Internews.id SOPPENG-Bupati Soppeng, Suwardi Haseng, terus berupaya menghadirkan solusi permanen bagi persoalan irigasi di daerahnya, khususnya untuk mengairi sawah-sawah tadah hujan.
Fokus utama saat ini adalah memperluas jaringan listrik guna menggerakkan pompa air yang bersumber dari sungai maupun sumur bor.
Sebagai bentuk keseriusan tersebut, Bupati Suwardi Haseng yang didampingi Pelaksana Tugas (Plt) Kepala Dinas Tanaman Pangan, Hortikultura, Perkebunan, dan Ketahanan Pangan Kabupaten Soppeng, Asis Dahlan, mendatangi Kantor PT PLN (Persero) Unit Induk Distribusi Sulawesi Selatan, Sulawesi Tenggara, dan Sulawesi Barat (UID Sulselrabar).
Rombongan diterima langsung oleh General Manager UID Sulselrabar, Edyansyah, di Makassar, Senin (20/7/2026).

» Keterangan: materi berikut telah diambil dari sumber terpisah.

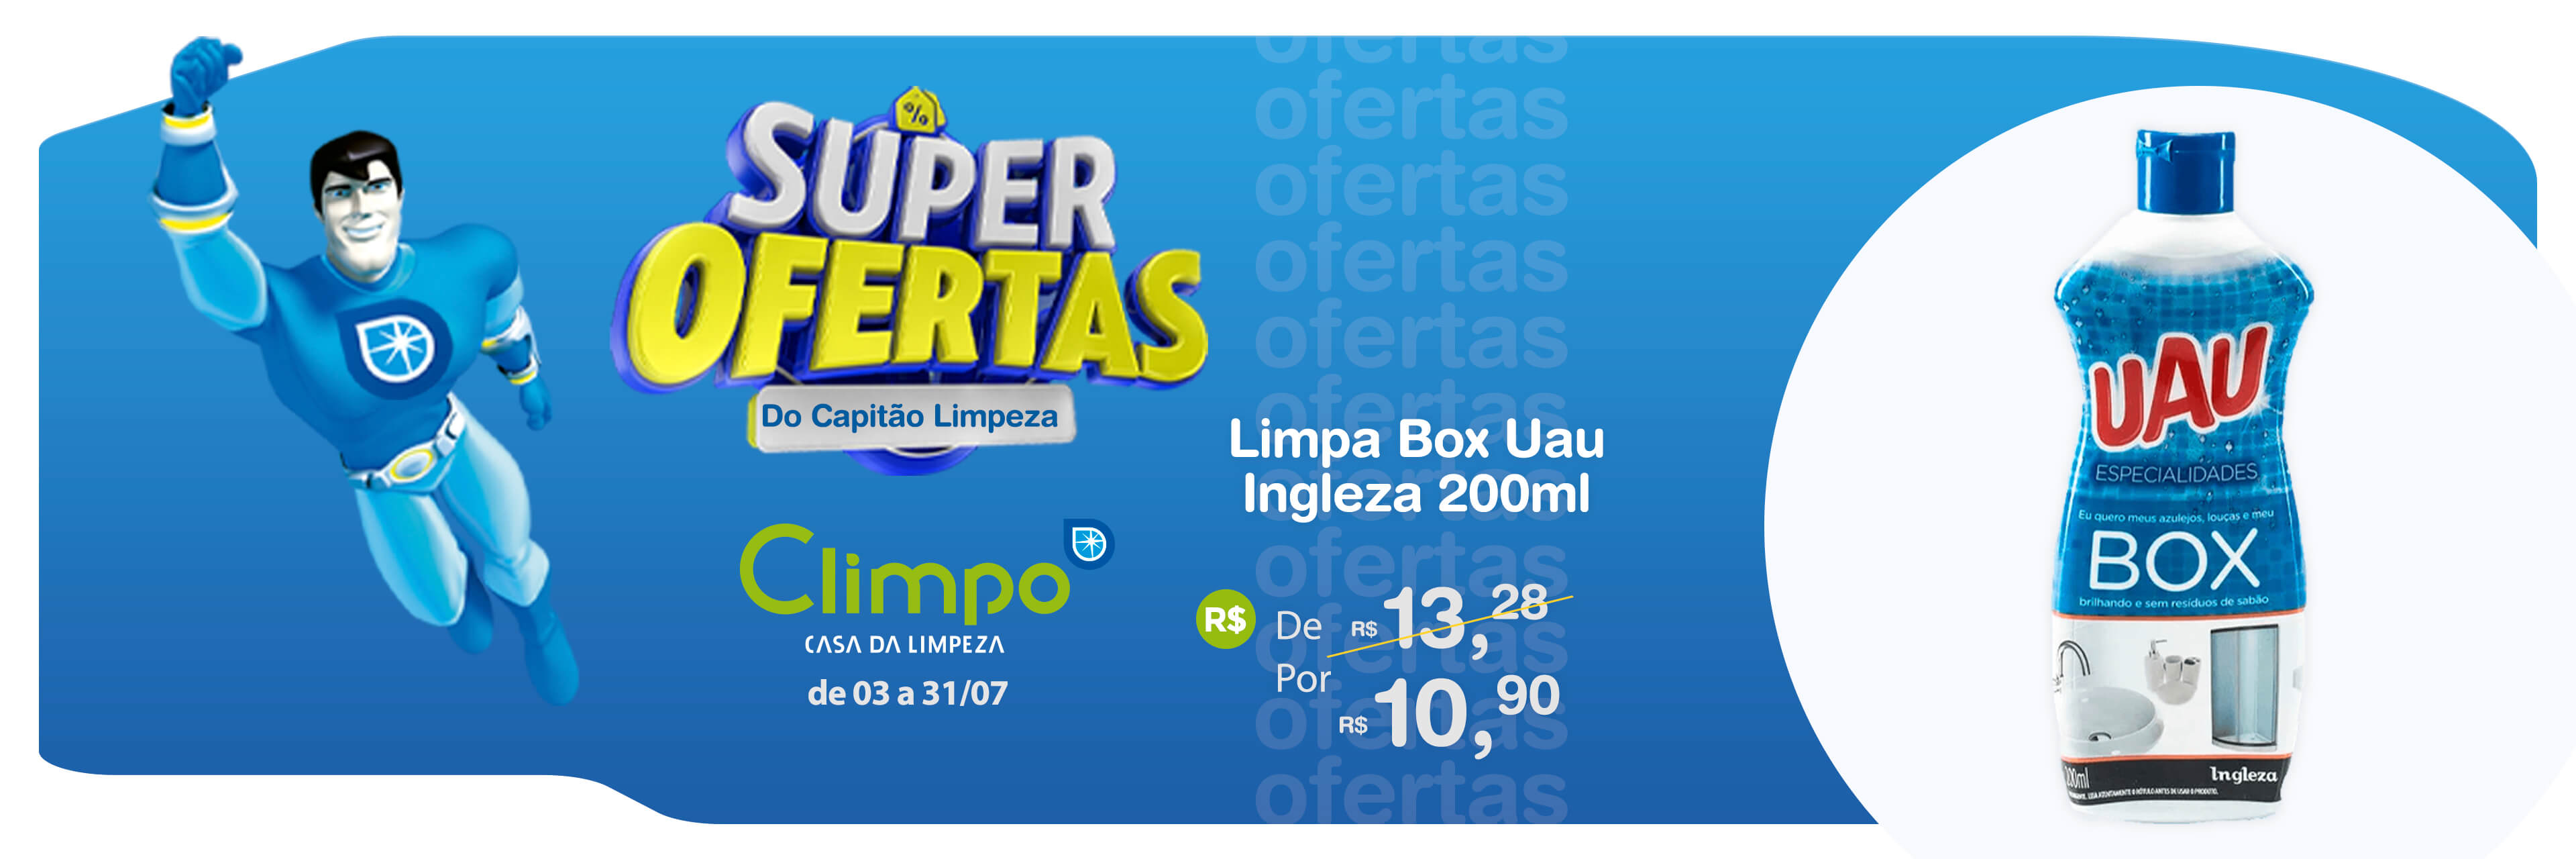 Banner Super Ofertas do Capitão Limpeza Limpa box uau 08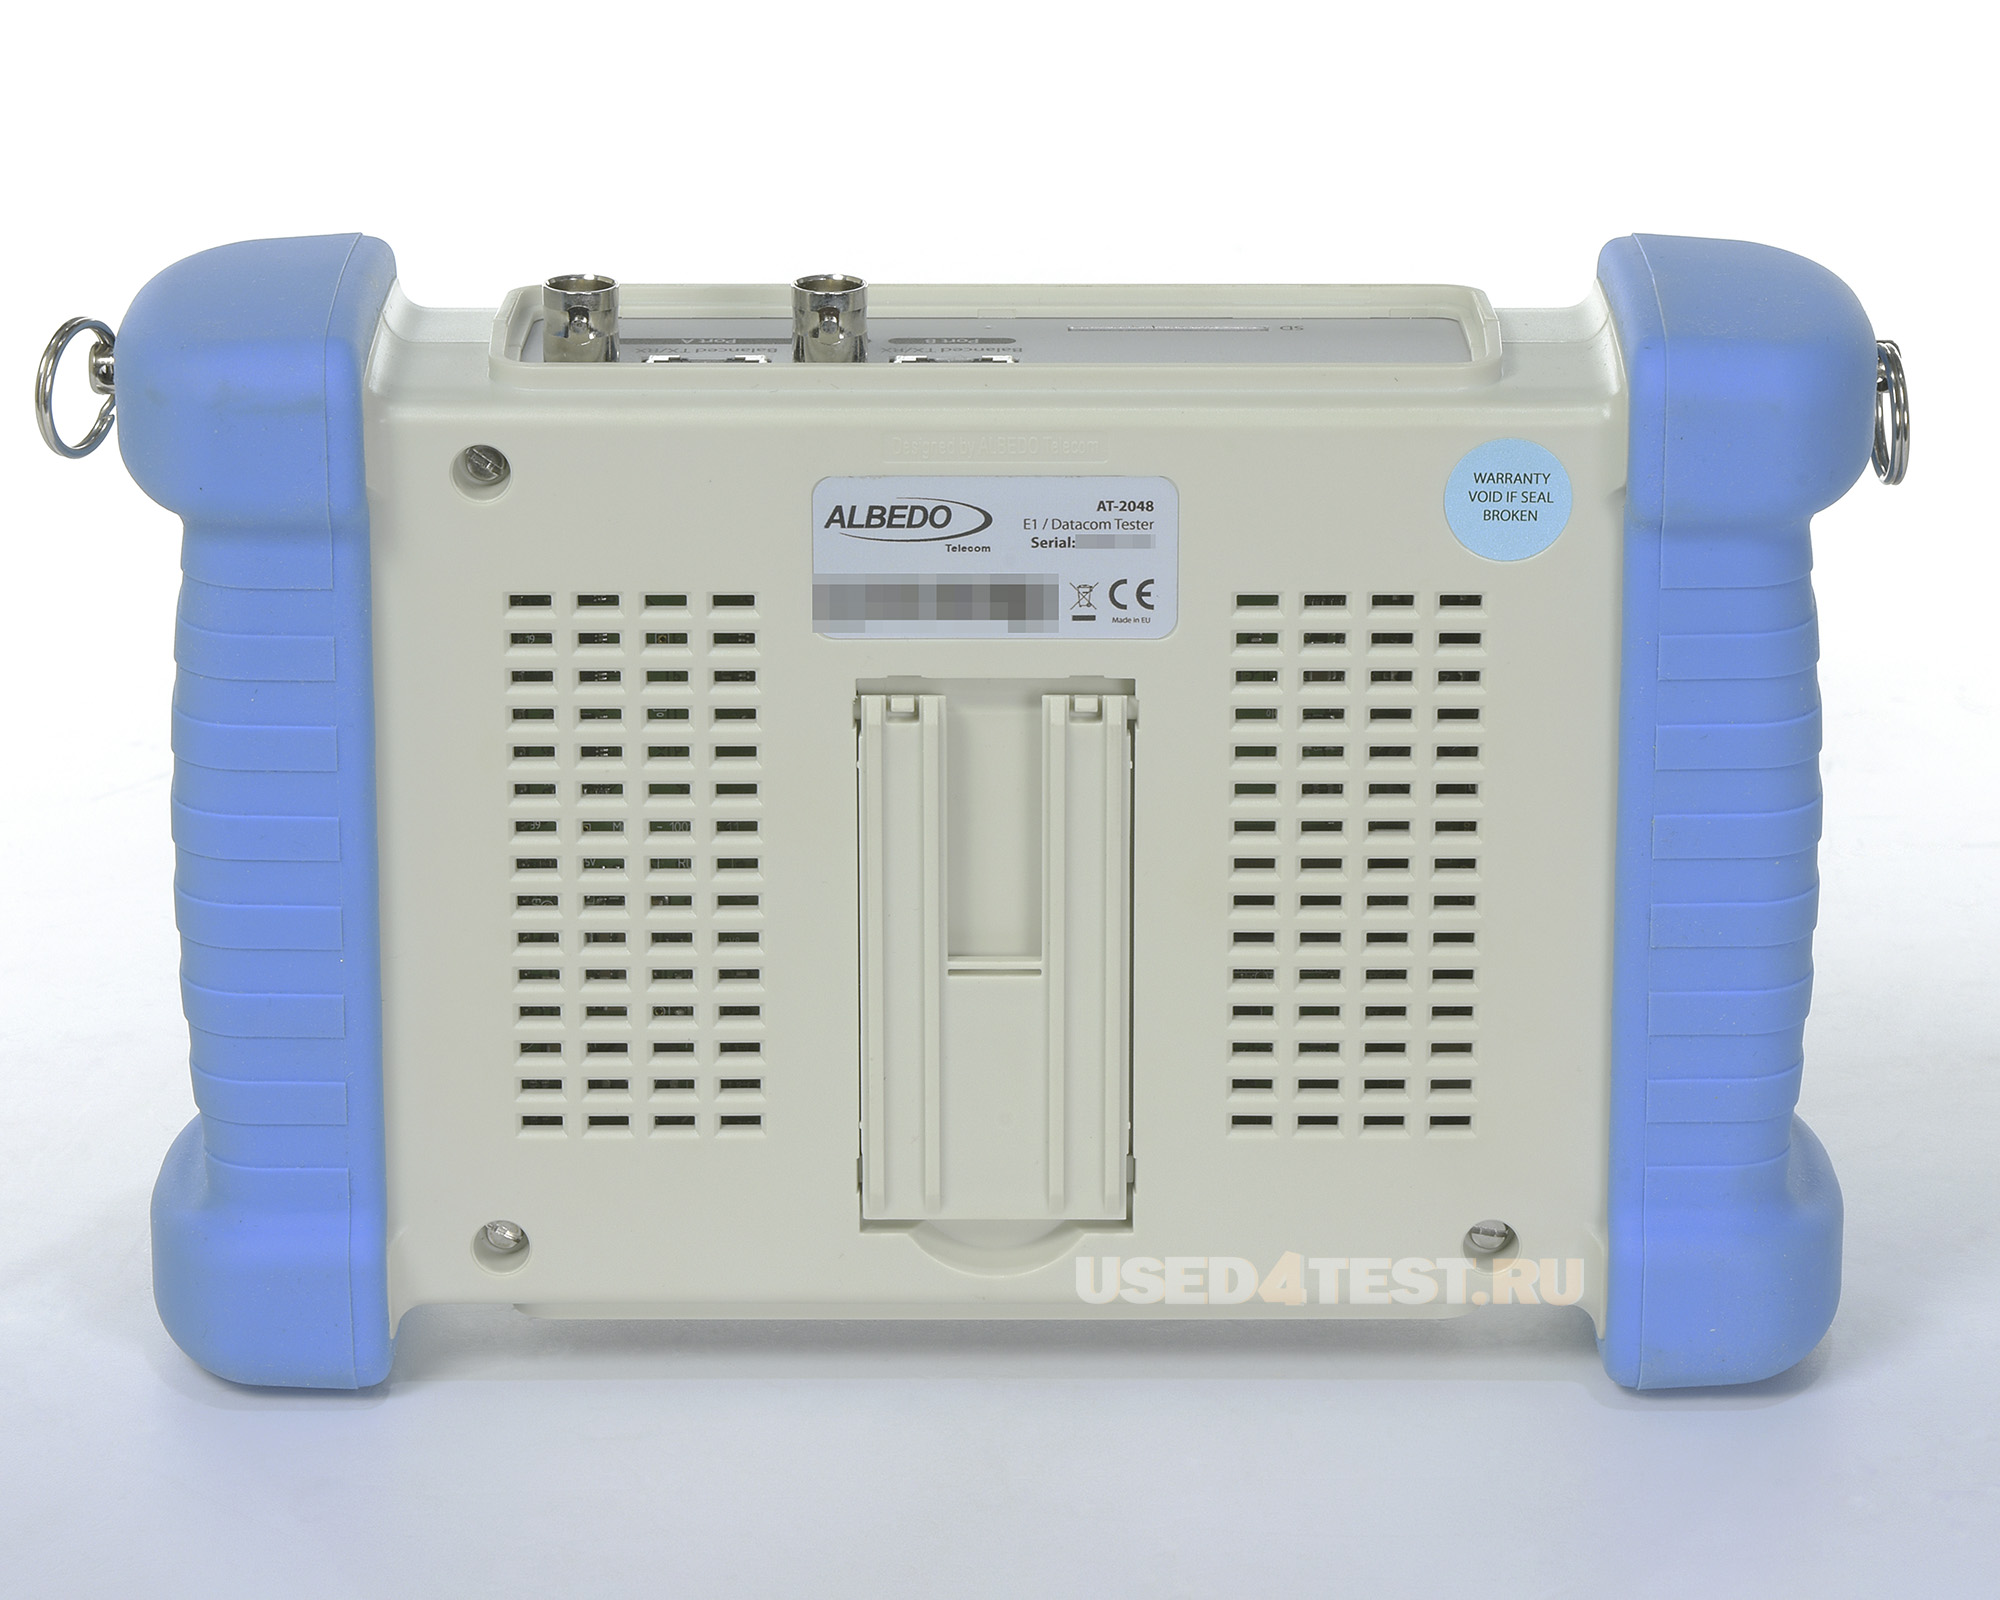 Анализатор сигнала E1 и интерфейсов данных ALBEDO Expert.E1 AT-2048

Pertemuan ini merupakan langkah strategis Pemerintah Kabupaten (Pemkab) Soppeng dalam merealisasikan visi "Listrik Masuk Sawah". Program ini dirancang untuk memperluas akses kelistrikan di kawasan pertanian, sehingga pemanfaatan pompa air dapat dioptimalkan demi mendongkrak produktivitas sawah tadah hujan.
Dalam kesempatan tersebut, Bupati Suwardi secara khusus meminta dukungan PLN untuk memperluas jangkauan distribusi listrik ke sentra-sentra pertanian yang menjadi target utama program.
"Kami berharap PLN dapat menjadi mitra strategis Pemkab Soppeng dalam memperluas jangkauan layanan hingga ke kawasan persawahan," ujar Suwardi Haseng.
Ia menjelaskan, kehadiran infrastruktur kelistrikan di area persawahan akan mempermudah pengoperasian pompa air bertenaga listrik secara massal. Dengan begitu, petani tidak lagi sepenuhnya bergantung pada faktor musim hujan untuk mengairi lahan pertanian mereka.
Pertemuan penting ini turut dihadiri oleh Manager PLN ULP Pajalesang, Muh. Faisal Hasan, beserta jajaran manajemen PLN UID Sulselrabar. Agenda pembahasan difokuskan secara mendalam pada pemetaan kebutuhan penambahan jaringan distribusi listrik di kawasan pertanian sebagai prasyarat utama menyukseskan program Listrik Masuk Sawah di Kabupaten Soppeng.